==== SOURCE MATERIAL ====
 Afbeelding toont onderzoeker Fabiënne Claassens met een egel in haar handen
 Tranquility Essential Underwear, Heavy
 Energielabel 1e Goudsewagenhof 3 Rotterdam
====
● **THE PROBLEM**
Word for word, copy all of the listing above.

● **RESPONSE AREA**
 Afbeelding toont onderzoeker Fabiënne Claassens met een egel in haar handen
 Tranquility Essential Underwear, Heavy
 Energielabel 1e Goudsewagenhof 3 Rotterdam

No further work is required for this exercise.